TODAY IN PROGRAMMING

Click here to watch Factory 2.0 in action.

Factory turns from coding agents to software factories: The agentic coding startup just unveiled Factory 2.0, which takes its Droids (agents) from coding assistants into full-scale development engines. Now, they handle everything from triaging bug reports to shipping the final code in one seamless loop, while a Router picks the most efficient model for each job. It’s already being used by NVIDIA, Adobe, and EY, and it’s shifting the engineer's role from writing code to building the systems that write it.

Cartesia ships two top-tier streaming models for voice agents: The voice AI startup dropped Sonic-3.5 and Ink-2, a speech model and a transcription model that both sit at the top of the Artificial Analysis leaderboards. Built on state-space models, the pair runs through a single API, and Cartesia says Sonic hits sub-90ms latency and Ink-2 handles transcription with built-in turn detection. It's a straightforward pitch: engineering teams can finally stop juggling different vendors for their real-time voice pipeline.

Security leaders protest the export ban on Anthropic's models: More than 150 researchers and executives just signed an open letter urging the US government to reverse controls on Claude Mythos and Fable. Their argument is that pulling the strongest bug-hunting tools away from defenders only helps attackers, since the same capability already shows up in rivals like GPT-5.5 and even Anthropic's own Opus. They want any AI rules grounded in open, scientific evaluation.

PRESENTED BY WISPR

Your agent is only as good as your prompt.

Claude Code, Cursor, Codex. The output ceiling is insane. But "fix the bug" gets you slop. Detailed context gets you shipping code.

The problem: typing out file references, edge cases, and architecture context 40 times a day is exhausting. So you cut corners. Your agent gets lazy input. Wispr Flow lets you speak full prompts with syntax-aware dictation. camelCase, snake_case, file names all preserved. Auto-tags files in Cursor and Windsurf.

Used by engineers at OpenAI, Vercel, and Clay. Works on Mac, Windows, iPhone, and Android. Better prompts in. Better code out.

Try free

INSIGHT

Silicon Valley's best teams stopped letting coding agents guess

Source: The Code, Superhuman

Guessing doesn't scale. For two years, teams shipped AI code the same way. You prompt the agent, it fills the gaps with a guess, and you clean up the rest. This worked for small tasks. But it failed as codebases grew, because the bigger the system, the more of what you want lives in details you never typed. One analysis found that 31 percent more PRs now merge with no review. The main issue was no longer how fast the agent writes code. It became whether anyone wrote down what the code was actually supposed to do.
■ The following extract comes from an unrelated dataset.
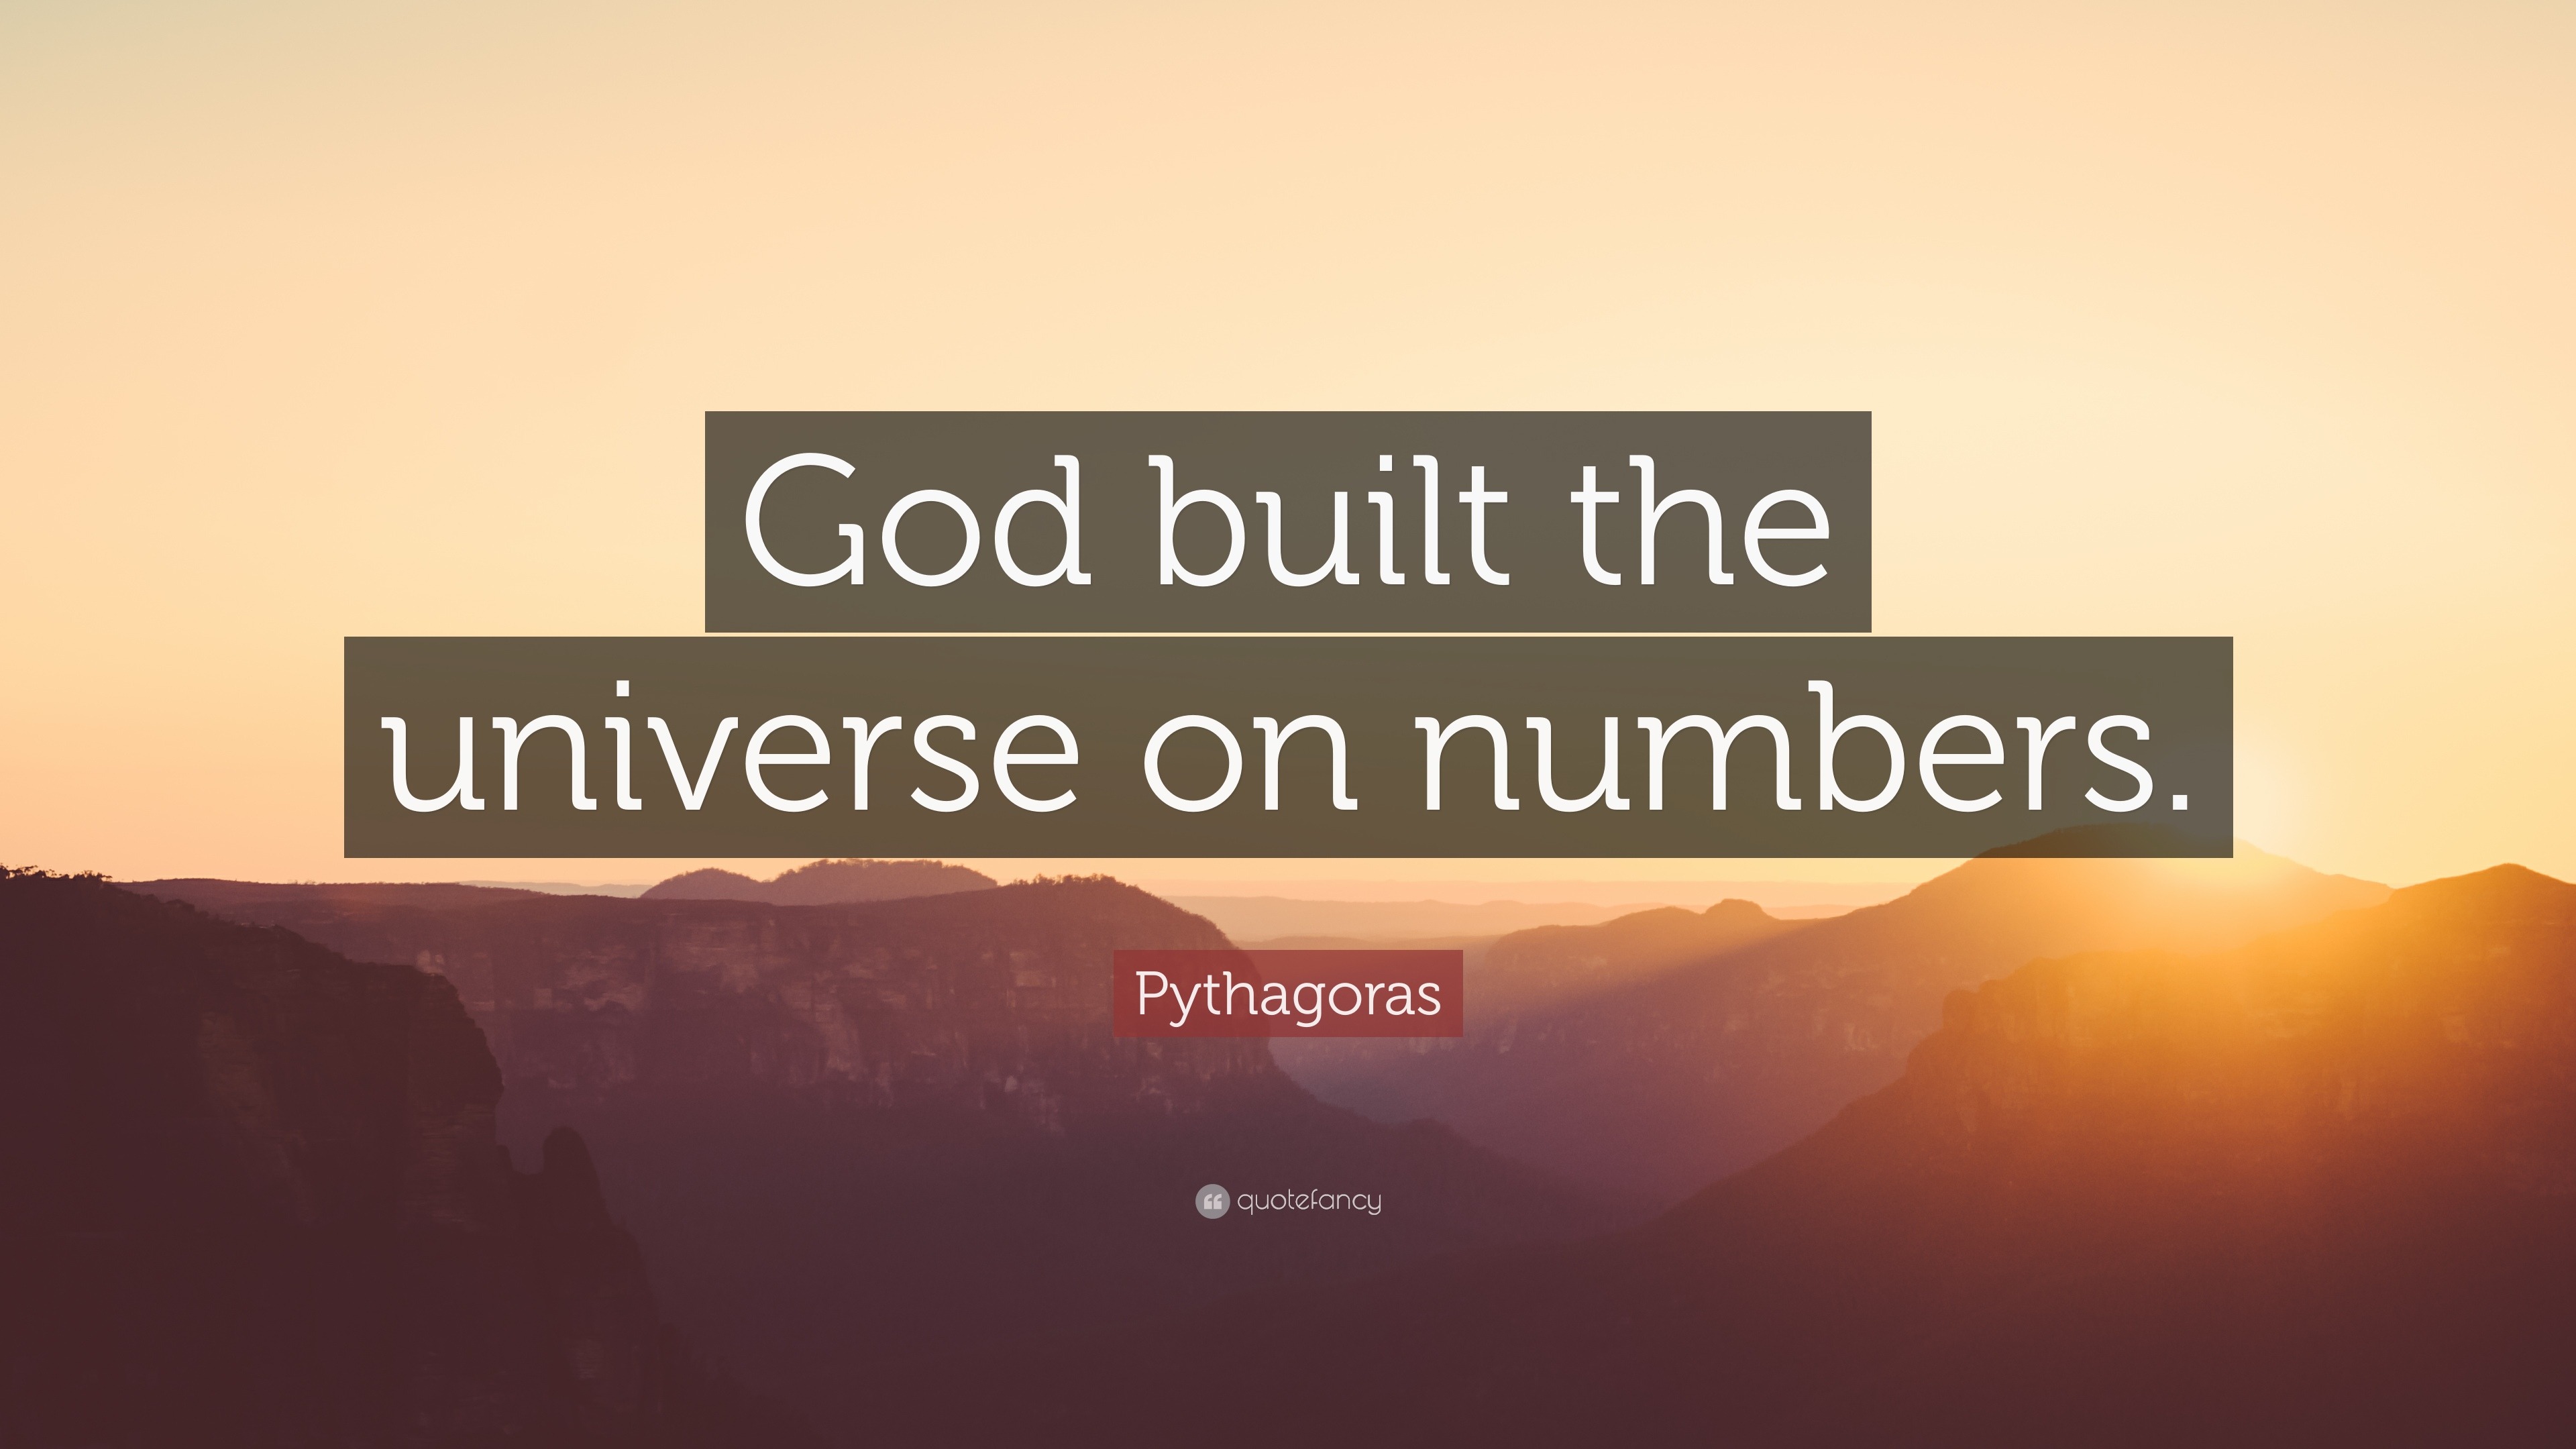 Pythagoras a Universe Made of Numbers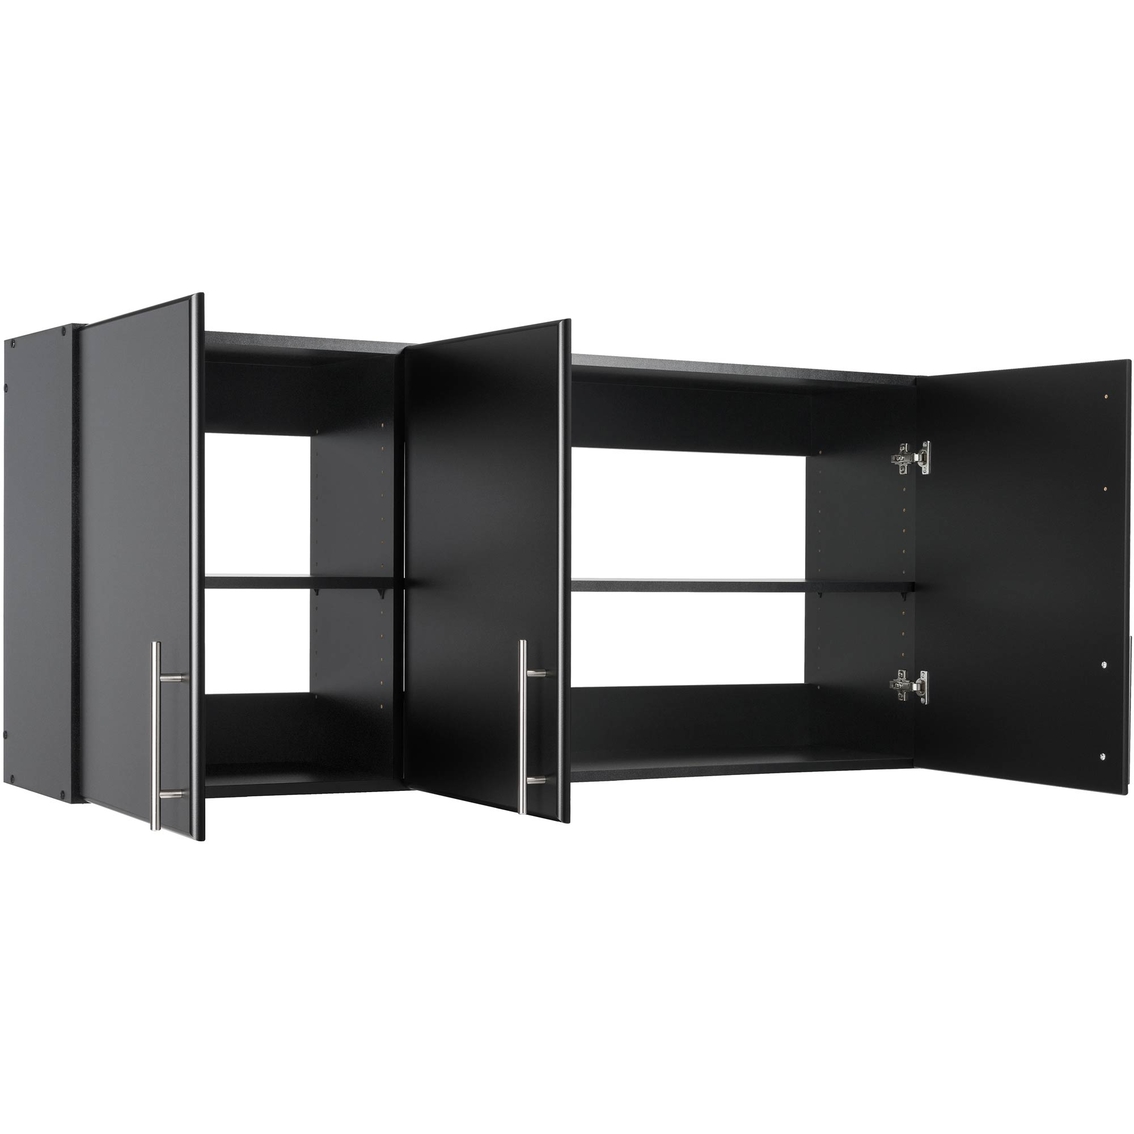 Elite 54 In. Wall Cabinet - Image 2 of 4

Write the spec, then the code. When the output isn't quite right, most teams just try writing a longer prompt. That's a trap. Apoorv Gupta, a Principal Software Engineer at Microsoft, suggests a better move: align on the goals first, then let the AI work against a clear spec. You give it one solid resource that covers what to build, the constraints, and the success criteria. At that point, the code is just the output, while the spec becomes the actual document you maintain.

How to start this week. You don't need a new platform, just one loop per feature.

Install GitHub's Spec Kit and run its loop: constitution, specify, plan, tasks, implement, validate.
Write the constitution first (mission, stack, guardrails) so the agent loads the same rules each session.
On legacy code, draft the spec from your existing docs and cover only what you're changing. JetBrains' course runs it on a real repo.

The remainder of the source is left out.